Hi @heyams, It worked and now I see no NPE. I can share stacktrace.txt file now but it is almost 300MB and increasing so I suspect the profiler never stop and keep writing to stacktrace file.

Sachin1O1 avatar Feb 17 '22 11:02 Sachin1O1

it will run for 10 mins and then stop on its own. can you share the stacktrace.txt somewhere? blob storage? @Sachin1O1

heyams avatar Feb 17 '22 18:02 heyams

it's worth trying to zip and attach (or email), it will likely compress really well due to lots of duplicate stack traces

trask avatar Feb 17 '22 18:02 trask

Hi @heyams and @trask , I Compressed the stack trace and emailed it to [email protected].

Sachin1O1 avatar Feb 21 '22 13:02 Sachin1O1

@heyams @trask any update?

Sachin1O1 avatar Feb 25 '22 08:02 Sachin1O1

@trask @heyams any update here?

Sachin1O1 avatar Mar 17 '22 05:03 Sachin1O1

Will sync with @trask and get back to you soon.

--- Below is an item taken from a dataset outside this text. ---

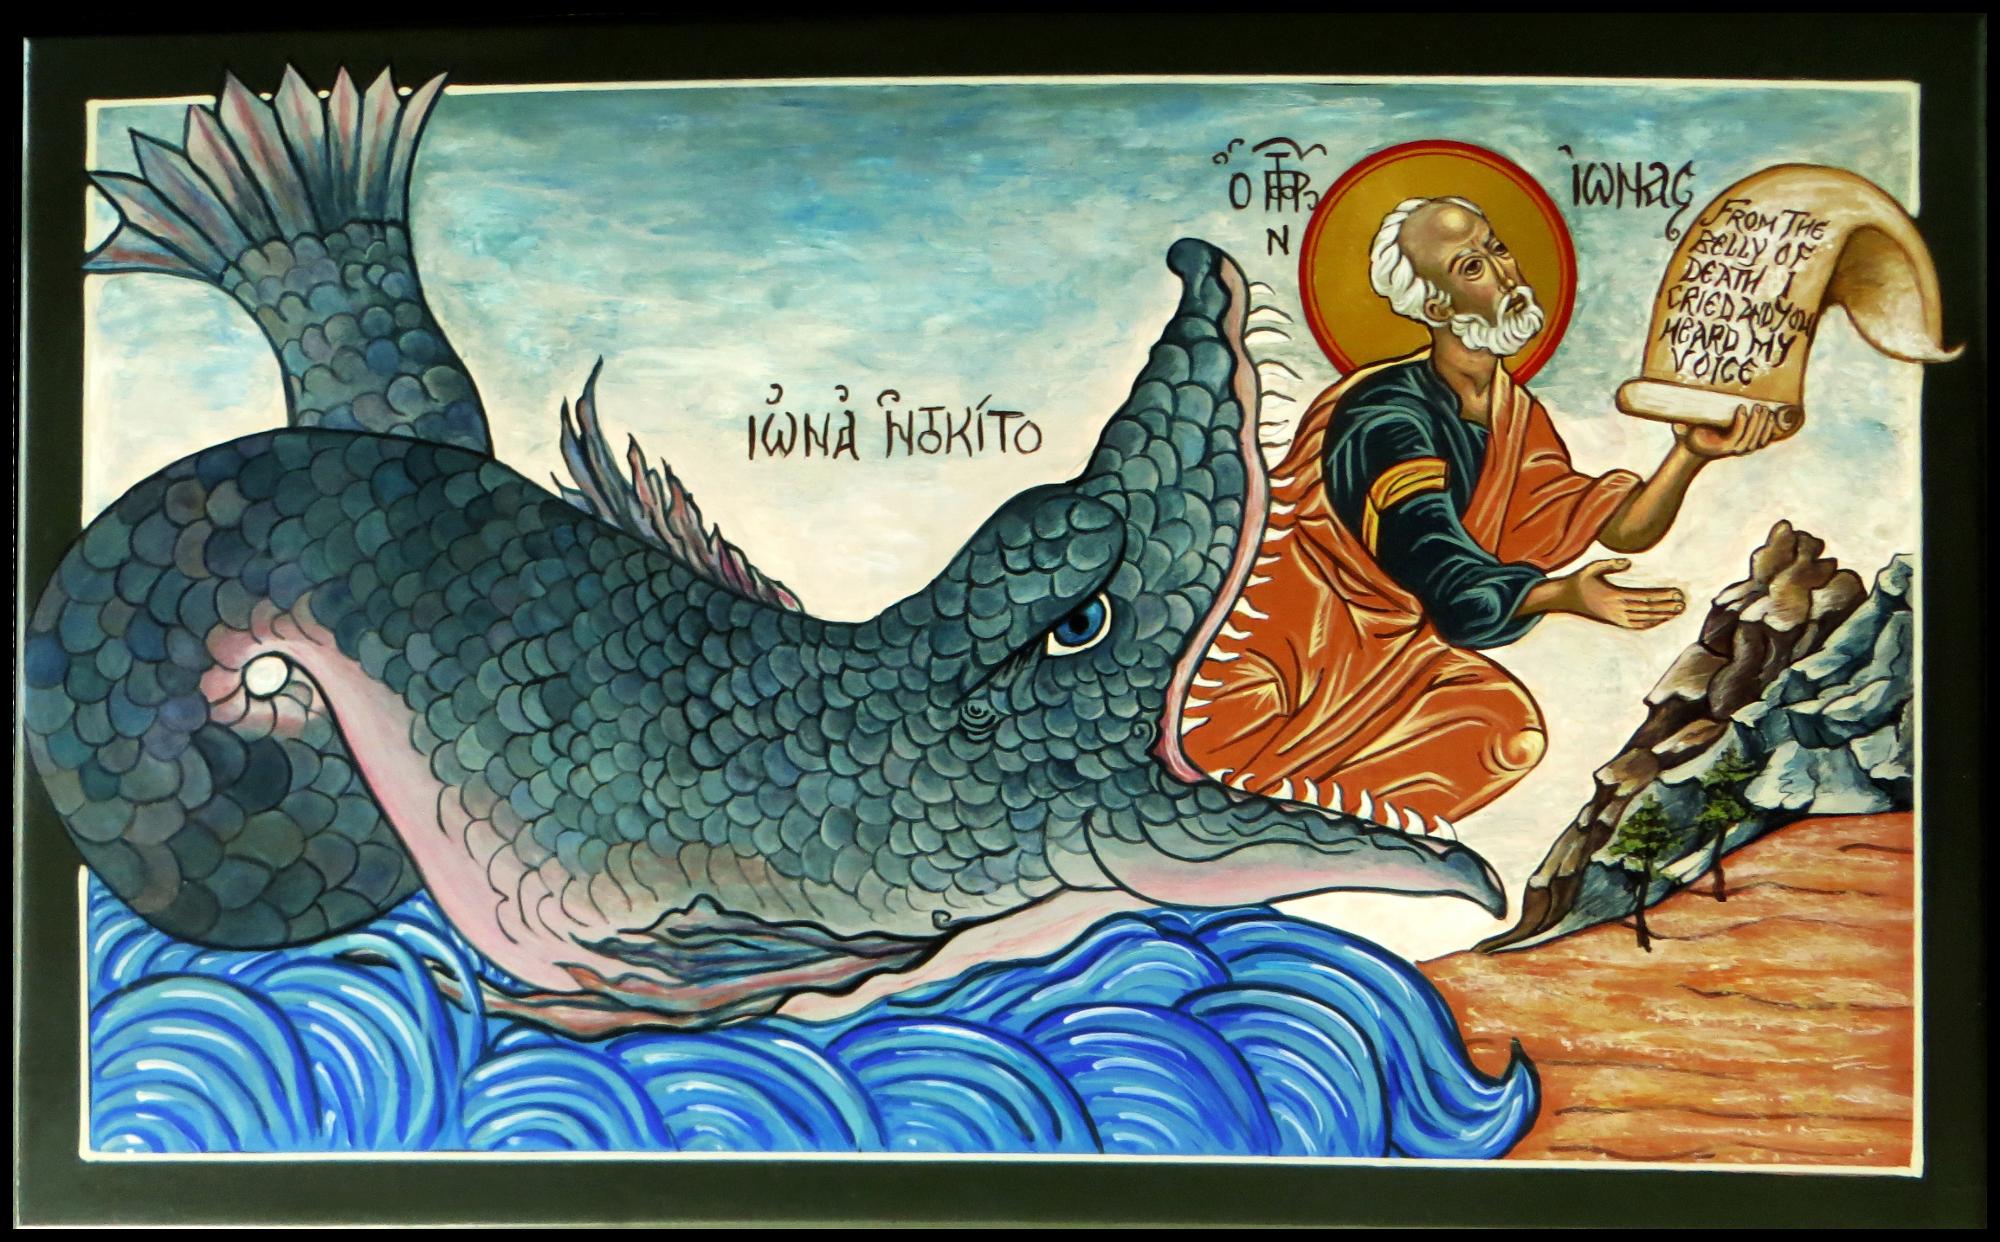 Картинки иона во чреве кита

heyams avatar Mar 17 '22 17:03 heyams

hey @Sachin1O1, we reviewed the stack traces and didn't find anything that we can address for your case in the short-term. there was one startup improvement we made in 3.2.7 in case you haven't updated to that yet.

trask avatar Mar 17 '22 19:03 trask

@trask do we have any info on the minimum resource requirement for the java agent?

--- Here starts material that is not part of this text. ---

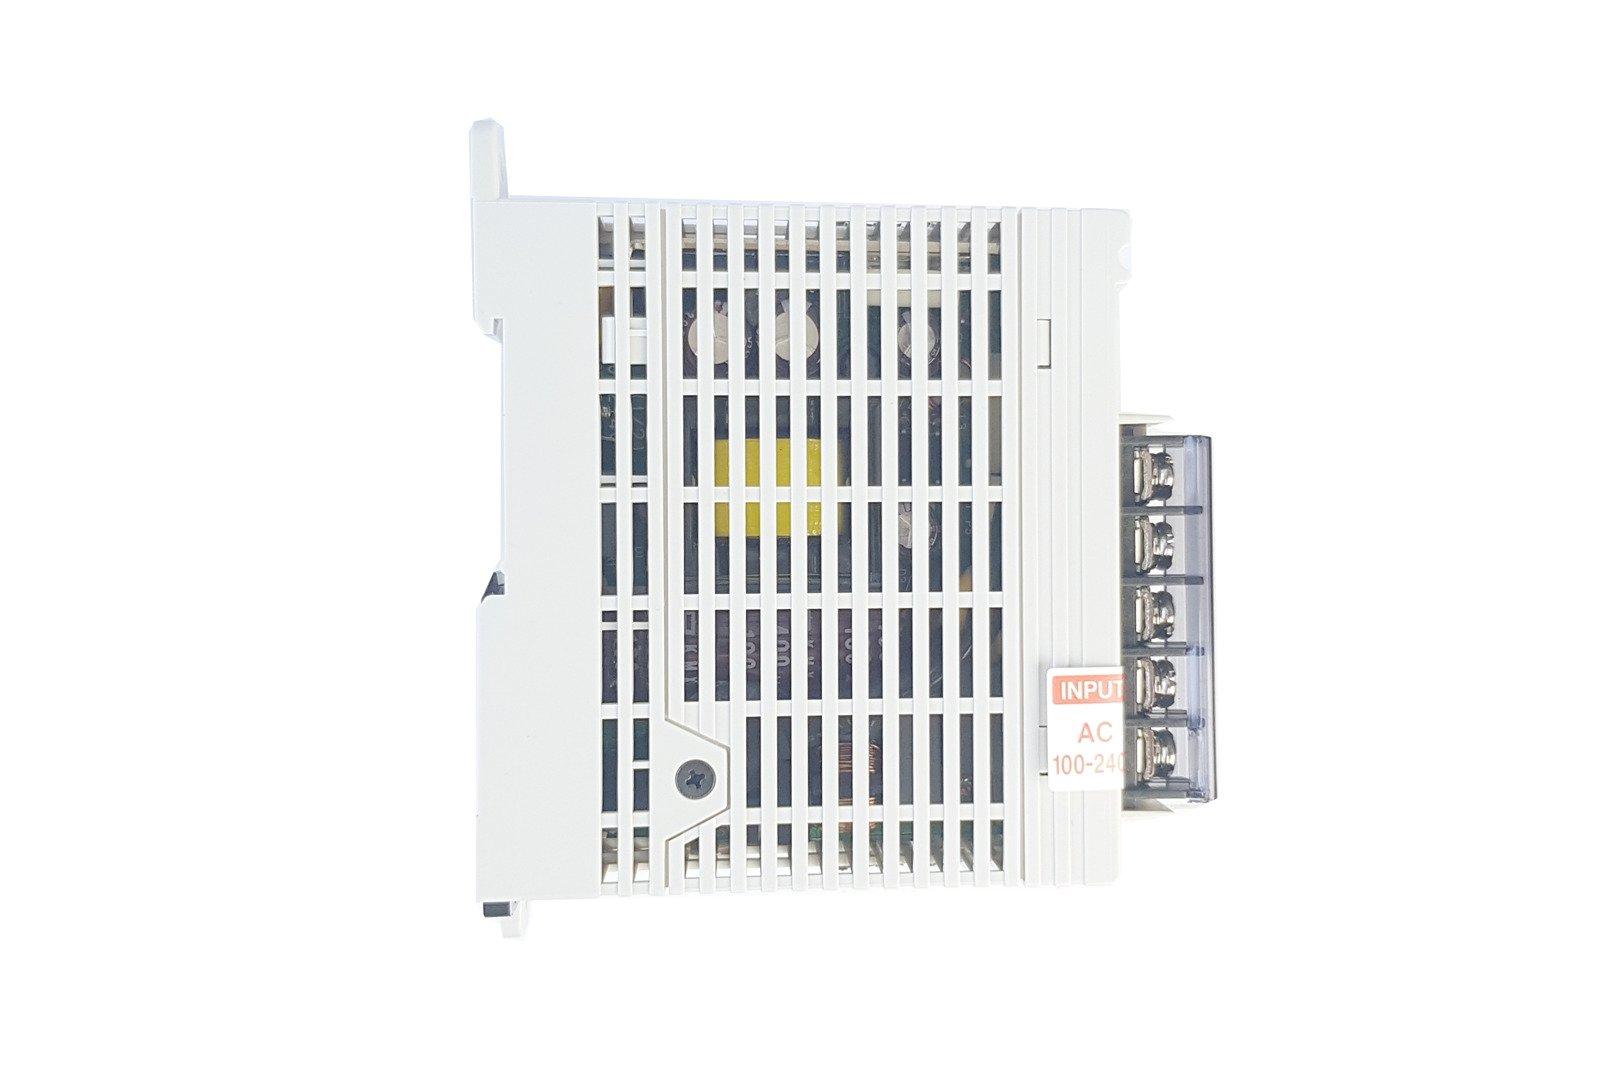 Keyence Power Supply Unit SL-U2

Sachin1O1 avatar Apr 11 '22 07:04 Sachin1O1

@trask do we have any info on the minimum resource requirement for the java agent?

do you mean expected startup impact? that can vary really widely from application to application, so it's really hard to give any specific guidance other than that you probably need to measure it on your specific application

btw, there was some promising startup performance investigation and improvement done upstream just recently, I'm working on pulling that into Application Insights and will get you a new SNAPSHOT build to try out in the next couple of days

trask avatar Apr 11 '22 21:04 trask